Key Challenges in Complex Table Extraction
Complex HTML tables often include: - Rowspan and colspan attributes that merge cells - Multi-level headers with nested structure - Irregular cell patterns and missing cells - Nested tables within cells - Mixed content types (text, links, images)
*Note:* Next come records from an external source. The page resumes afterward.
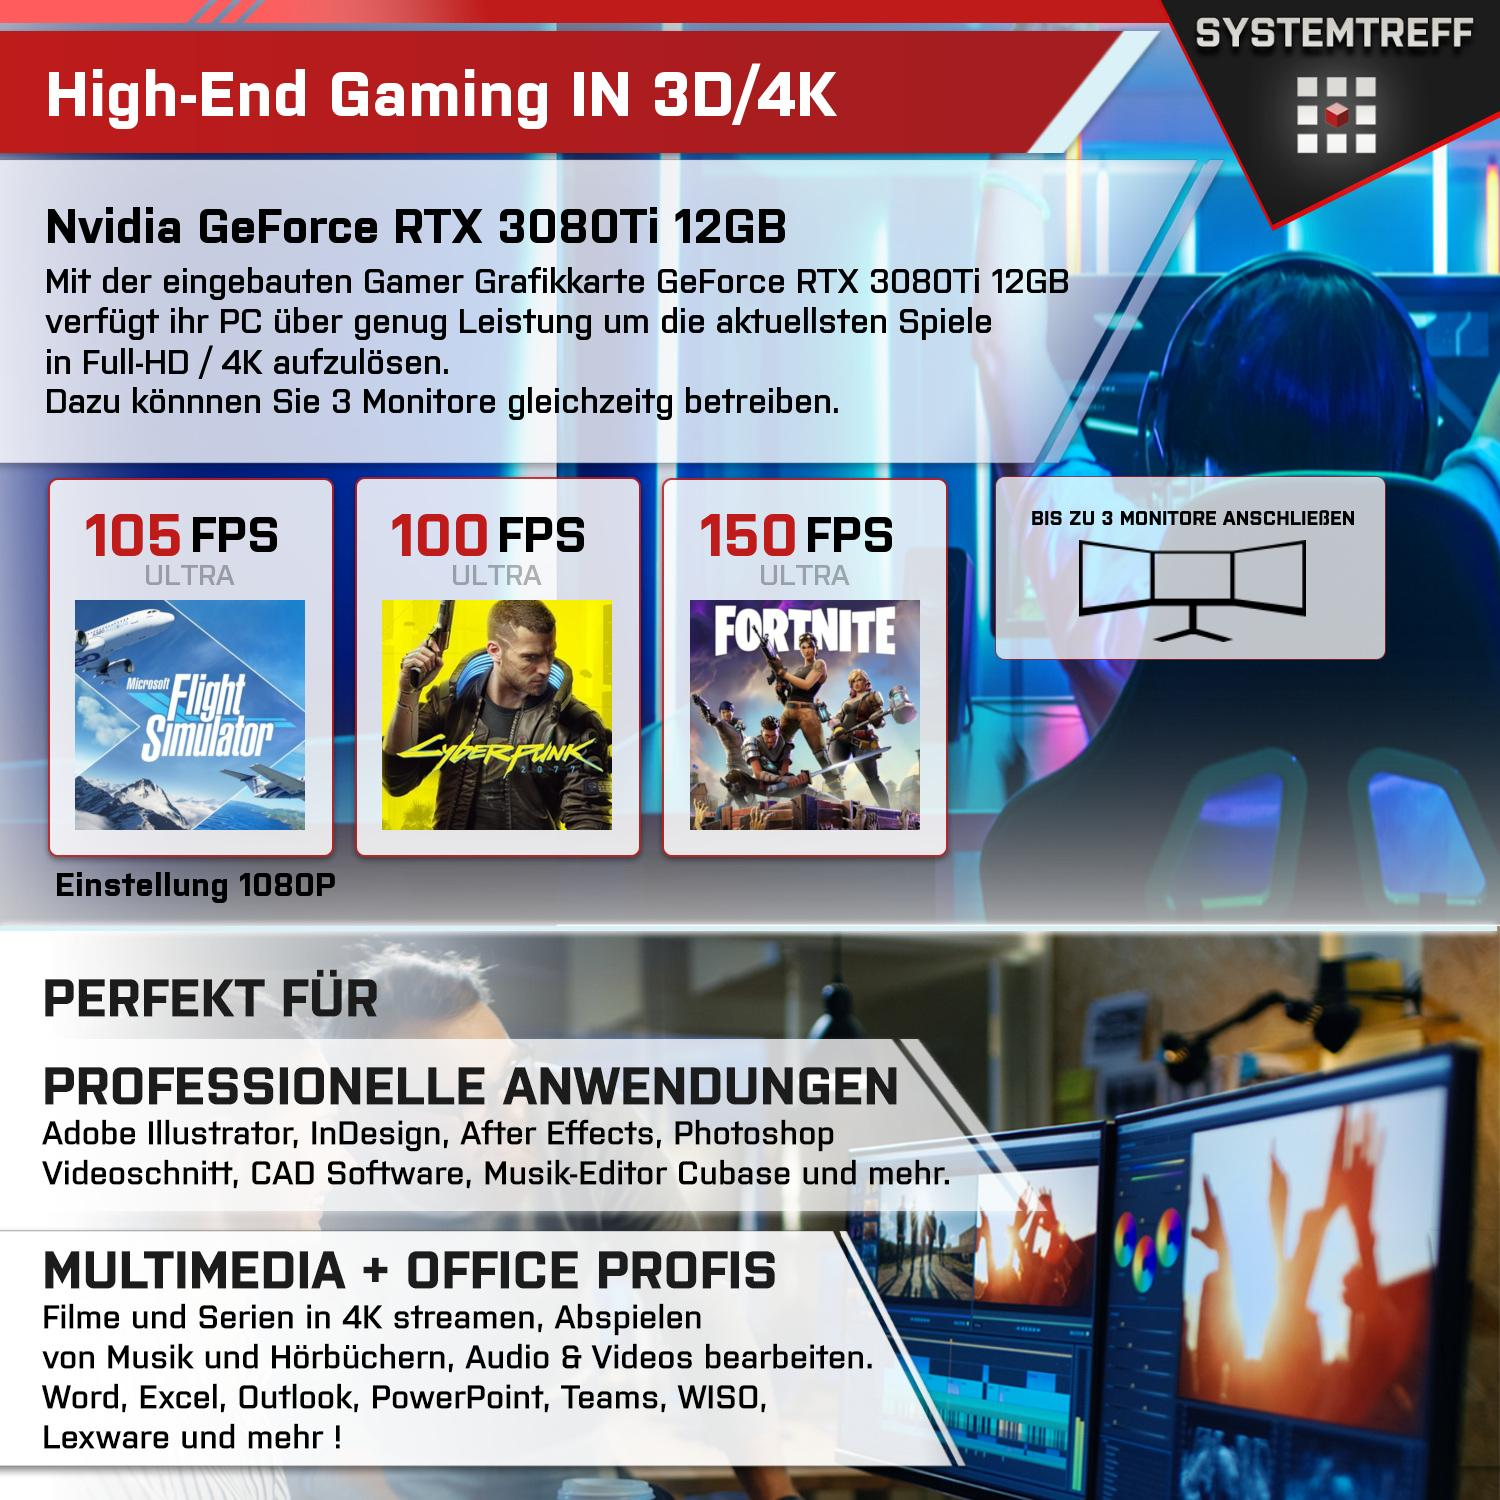 SYSTEMTREFF Gaming Komplett i9-11900K 3080 mit GDDR6X, Ti Core i9-11900K, mSSD, Nvidia PC Intel GB 32 12GB GeForce RAM, Komplett 1000 12 GB Prozessor, GB RTX
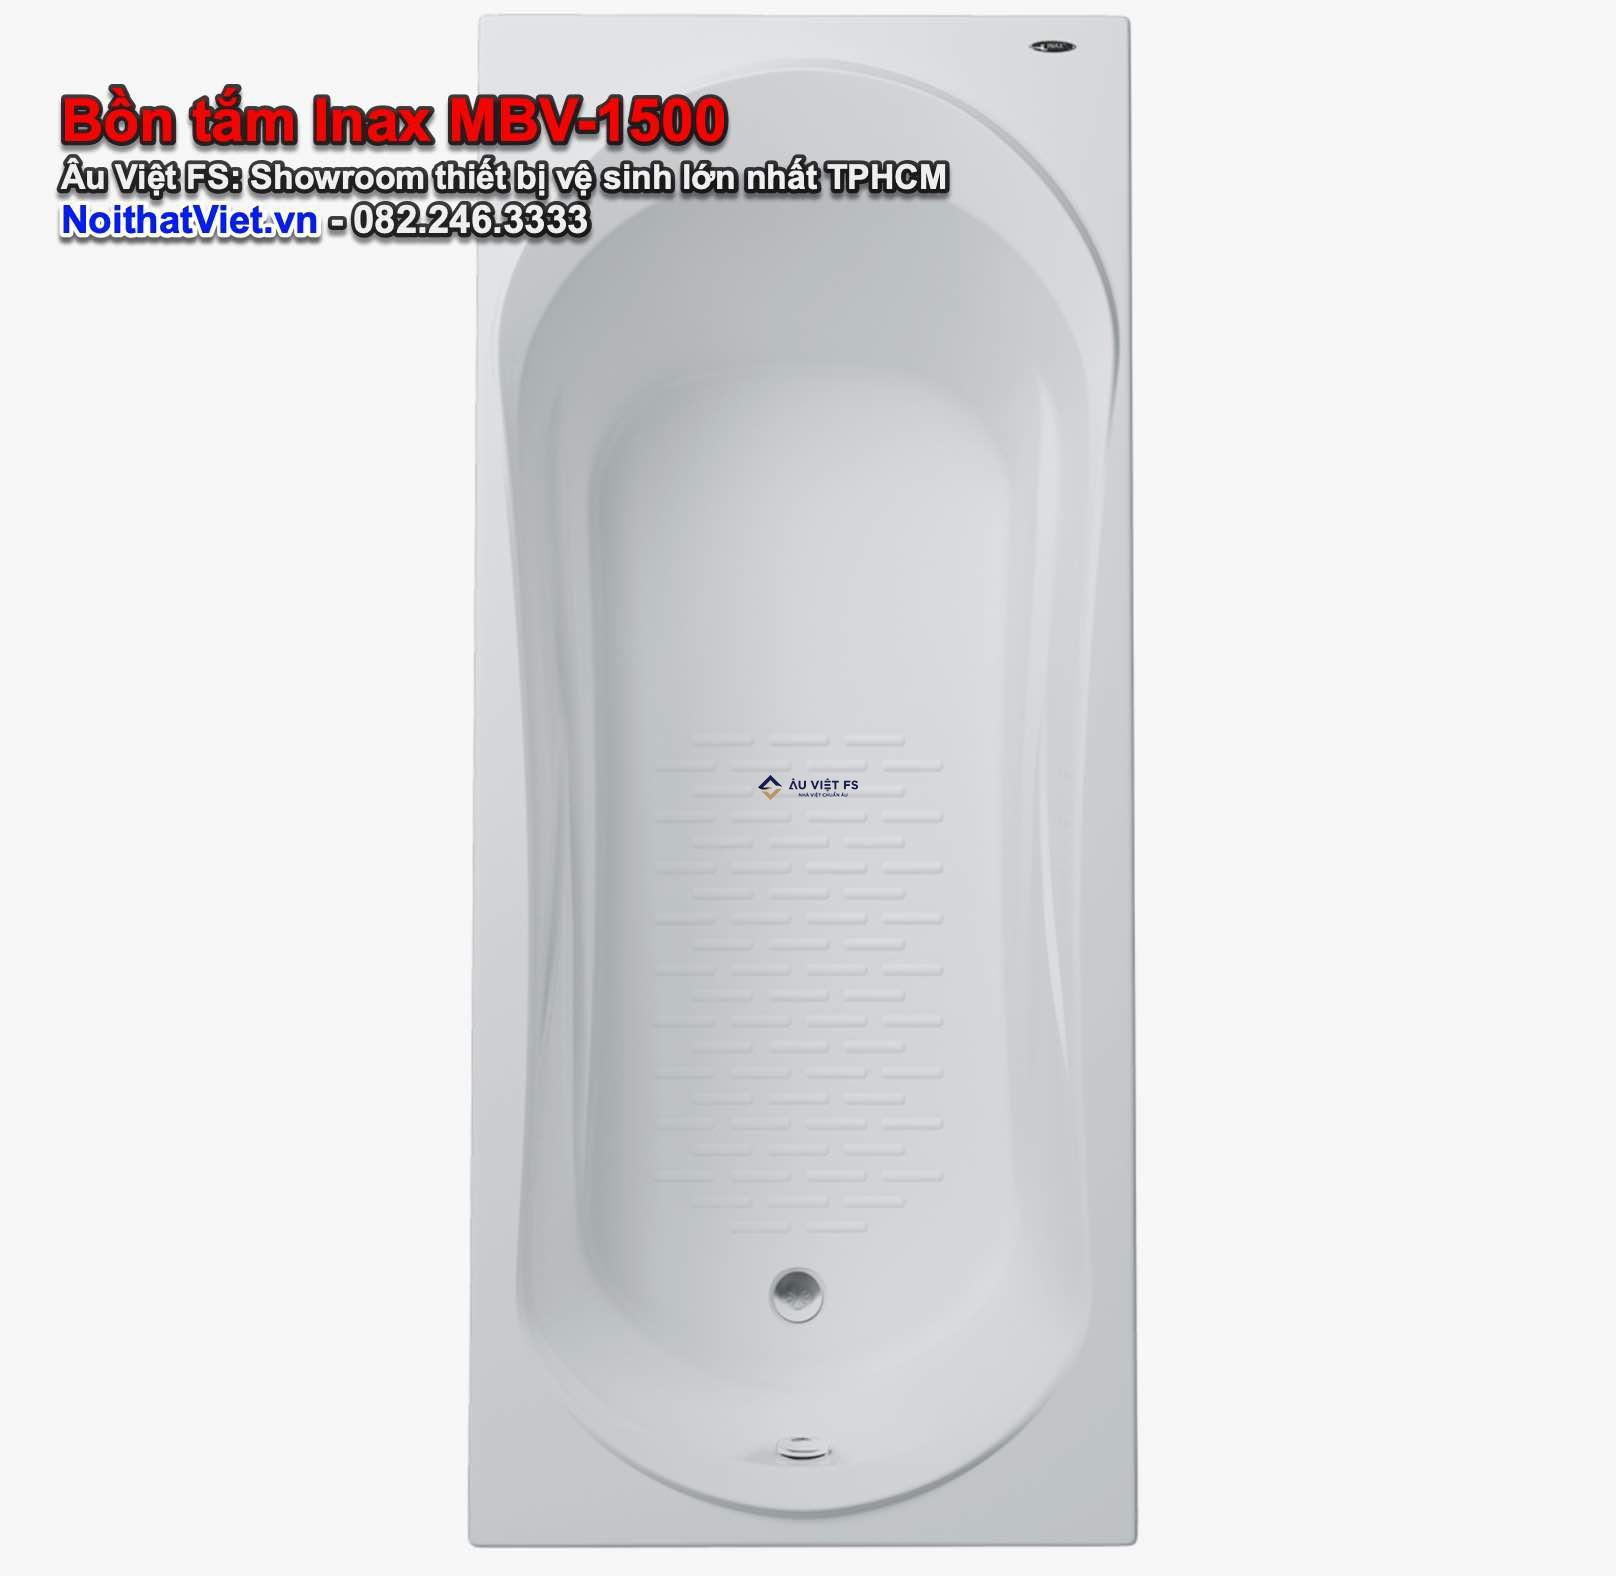 Đánh giá bồn tắm Inax MBV-1500, Inax MBV-1500, Inax, Bồn tắm Inax, Bồn tắm xây, Giá Inax, Inax TPHCM, Catalog Inax
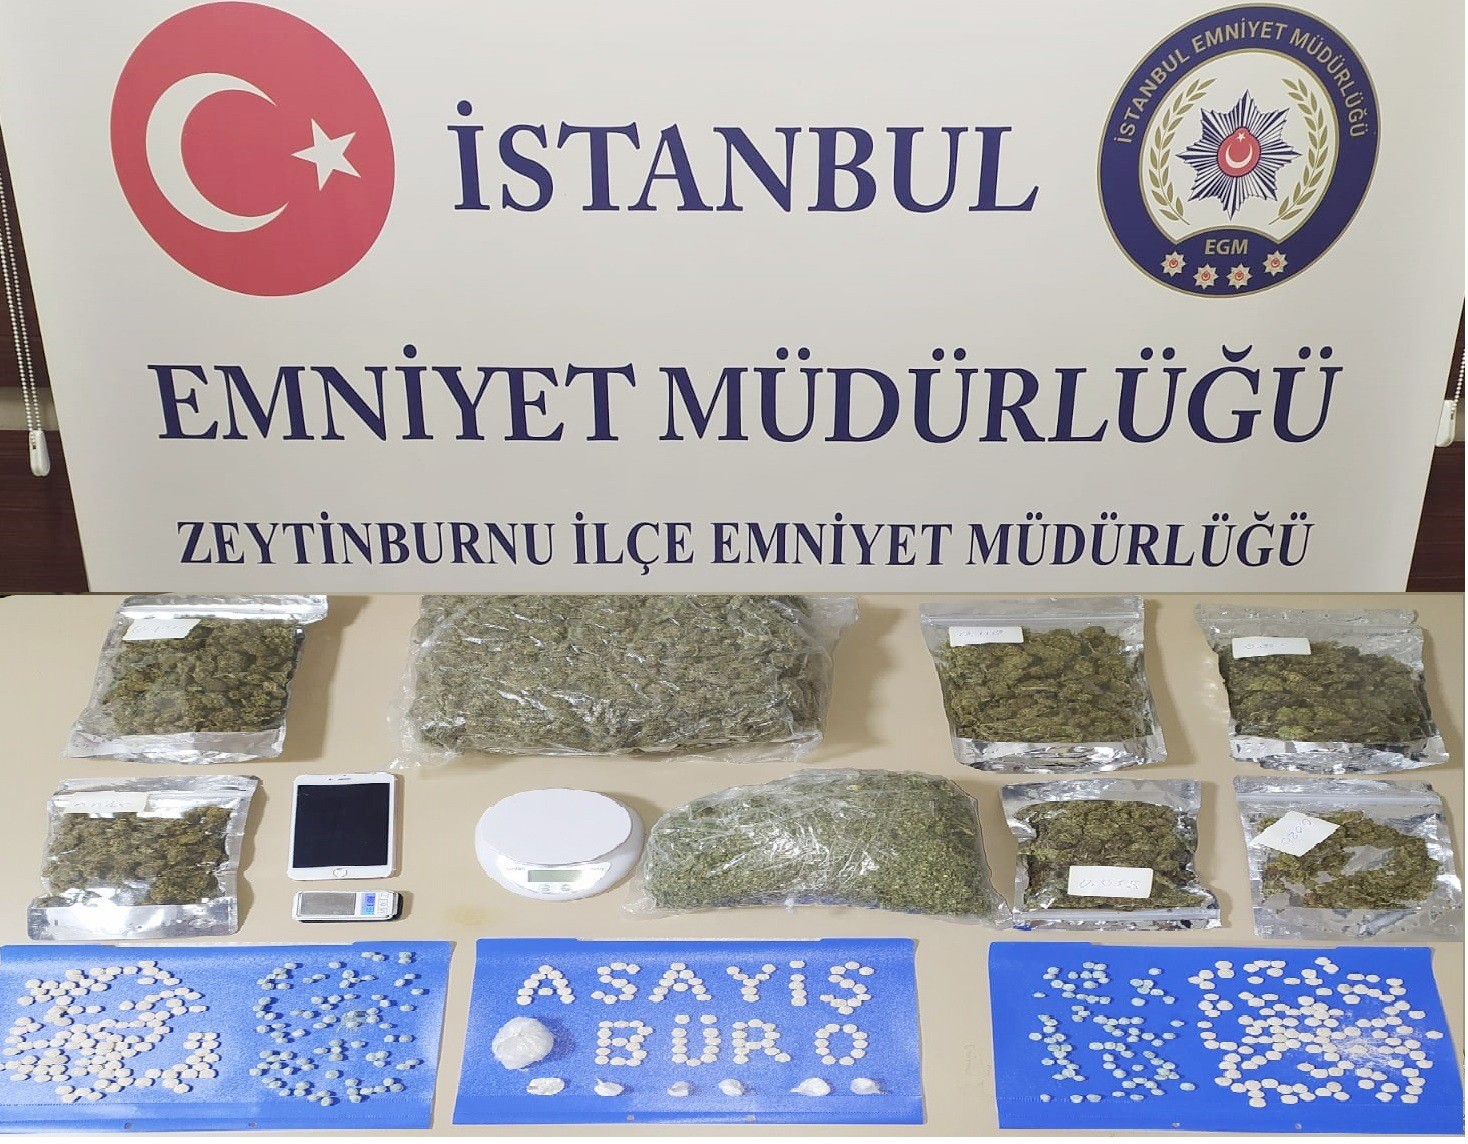 Zeytinburnu’nda yastığın içine uyuşturucu saklayan kişi tutuklandı

Method 1: Basic DOMDocument Approach
Simple Table Extraction
<?php
function extractSimpleTable($html) {
$doc = new DOMDocument();
libxml_use_internal_errors(true); // Suppress HTML parsing warnings
$doc->loadHTML($html, LIBXML_HTML_NOIMPLIED | LIBXML_HTML_NODEFDTD);
$xpath = new DOMXPath($doc);
$rows = $xpath->query('//table//tr');
$data = [];
foreach ($rows as $row) {
$cells = $xpath->query('.//td | .//th', $row);
$rowData = [];
foreach ($cells as $cell) {
$rowData[] = trim($cell->textContent);
}
if (!empty($rowData)) {
$data[] = $rowData;
}
}
return $data;
}
// Example usage
$html = '<table>
<tr><th>Name</th><th>Age</th><th>City</th></tr>
<tr><td>John</td><td>25</td><td>New York</td></tr>
<tr><td>Jane</td><td>30</td><td>London</td></tr>
</table>';
$result = extractSimpleTable($html);
print_r($result);
Method 2: Advanced Rowspan/Colspan Handling
Comprehensive Table Parser Class
<?php
class ComplexTableParser {
private $doc;
private $xpath;
private $cellMatrix = [];
public function __construct() {
$this->doc = new DOMDocument();
libxml_use_internal_errors(true);
}
public function parseTable($html, $tableIndex = 0) {
$this->doc->loadHTML($html, LIBXML_HTML_NOIMPLIED | LIBXML_HTML_NODEFDTD);
$this->xpath = new DOMXPath($this->doc);
$tables = $this->xpath->query('//table');
if ($tables->length <= $tableIndex) {
throw new Exception("Table index {$tableIndex} not found");
}
$table = $tables->item($tableIndex);
return $this->extractTableData($table);
}
private function extractTableData($table) {
$rows = $this->xpath->query('.//tr', $table);
$this->cellMatrix = [];
$maxCols = 0;
foreach ($rows as $rowIndex => $row) {
$cells = $this->xpath->query('.//td | .//th', $row);
$colIndex = 0;
foreach ($cells as $cell) {
// Skip already occupied cells (from rowspan/colspan)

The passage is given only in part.